Authors: Sharma, Ritu; Gulati, Sarita; Kaur, Aman; Chakravarty, Rupak;

Users' Sentiment Analysis toward National Digital Library of India: a Quantitative Approach for Understanding User perception

Abstract

Sentiment analysis is also known as opinion mining. Sentiment analysis is contextual mining of text which identifies and extracts subjective information in textual data. It is extremely used by business, educational organizations, and social media monitoring to gain the general outlook of the wide public regarding their product and policy. The current study looks for gaining insights into user reviews on the National Digital Library of India (NDLI) mobile app (android and iOS). For this purpose, sentiment analysis will be used. It yields an average of 3.64/5 ratings based on 11,861 reviews. The dataset includes a total of 4560 user reviews in which iOS and the android app have received 33 and 4527 reviews respectively as on 7th Sept 2021. AppBot and AppFollow analytics software is used to extract and collect user review information as raw data.
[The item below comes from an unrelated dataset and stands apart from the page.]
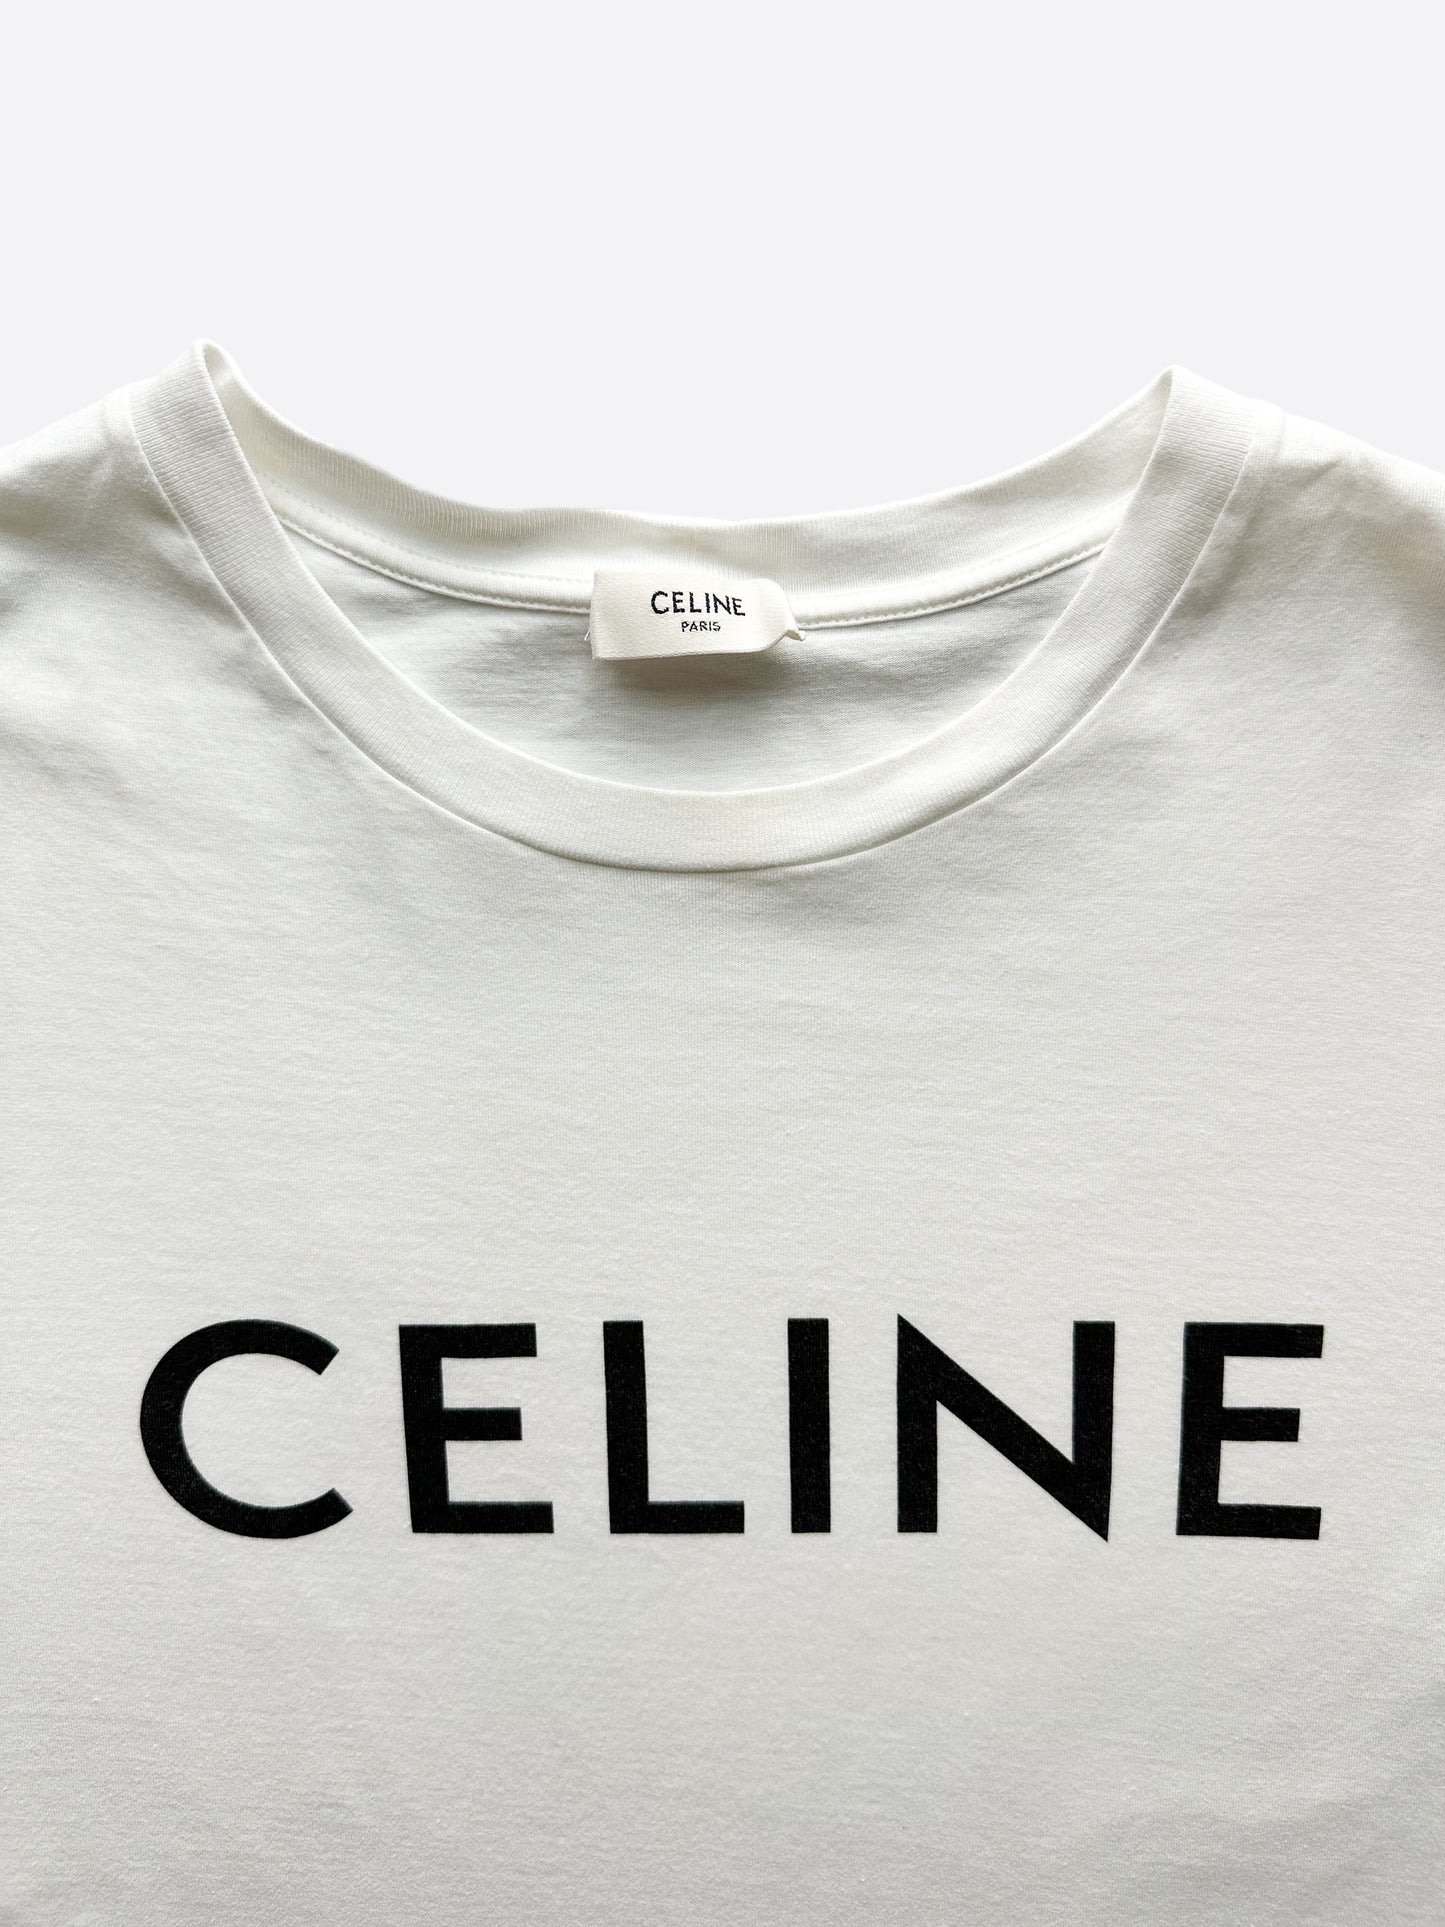 Celine logo woman's t-shirt – NYSummerShop
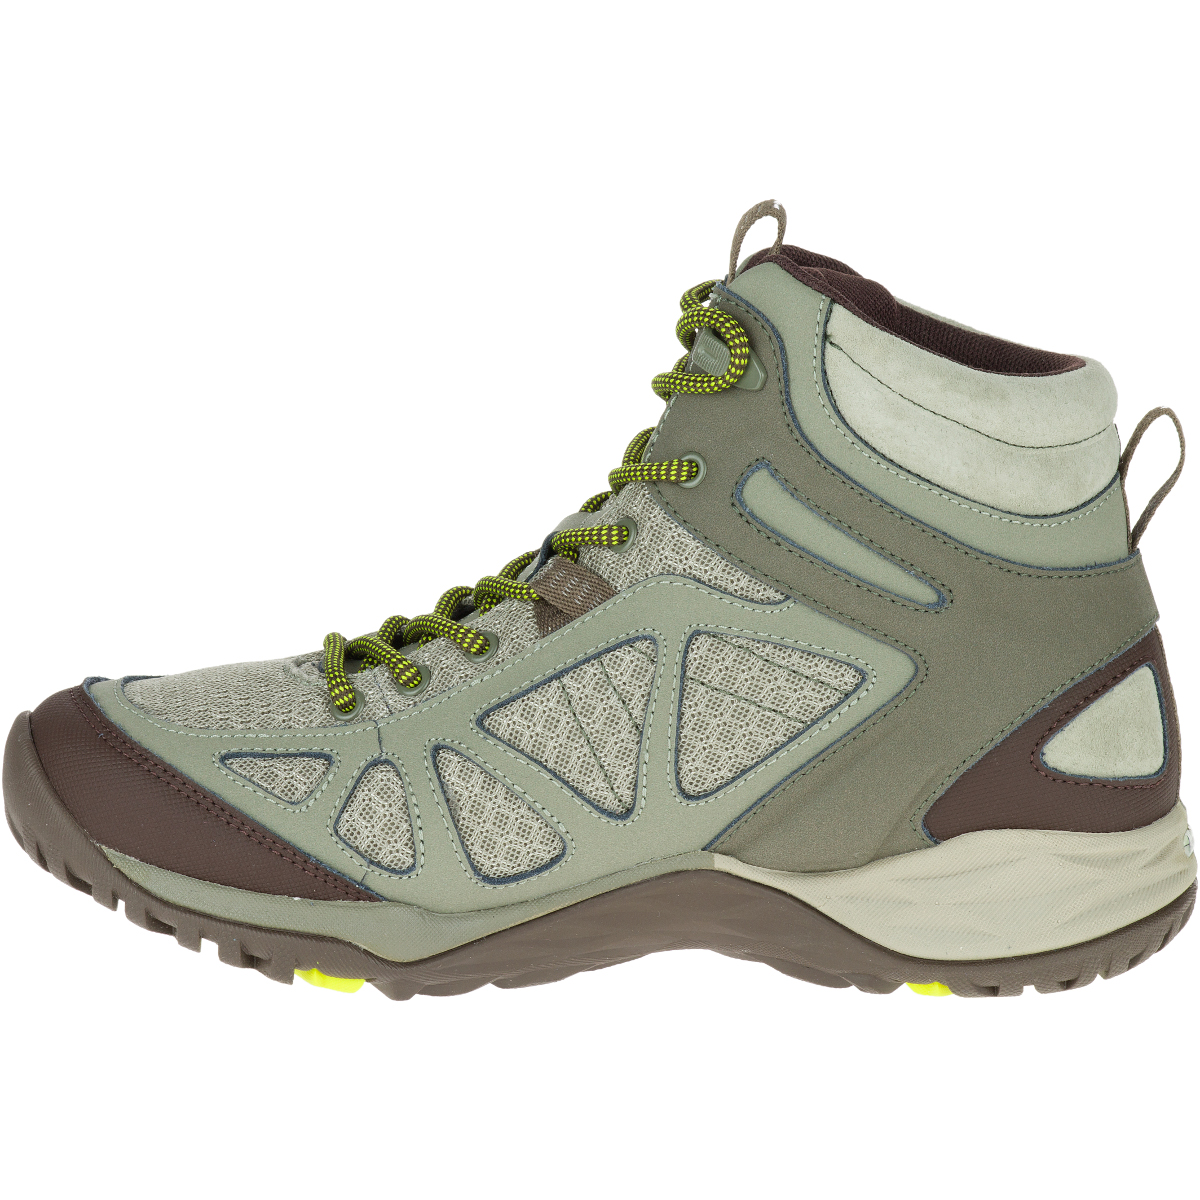 merrell women's siren sport q2 mid waterproof hiking boots

The study shows the reviews of the NDLI mobile app as 2130 positive and 1808 negative sentiments for android & 6 positive and 22 negative sentiments for iOS. The overall sentiment score is found to be 66%. The results of the sentiment analysis show that Android users are more satisfied as compared to iOS users. The most frequent complaints made by the users are functional errors, feature requests and app crashes. Some of the major issues that users have complained about are books that need to be downloaded before reading and some pdfs are blank once opened. The value of this research is getting an insight into the behaviour of users towards using apps on different platforms (Android vs iOS) and provides valuable results for the app developers in monitoring usage and enhancing features for the satisfaction of users. The findings reveal that stakeholders/developers need to pay more attention to make the app more user-friendly.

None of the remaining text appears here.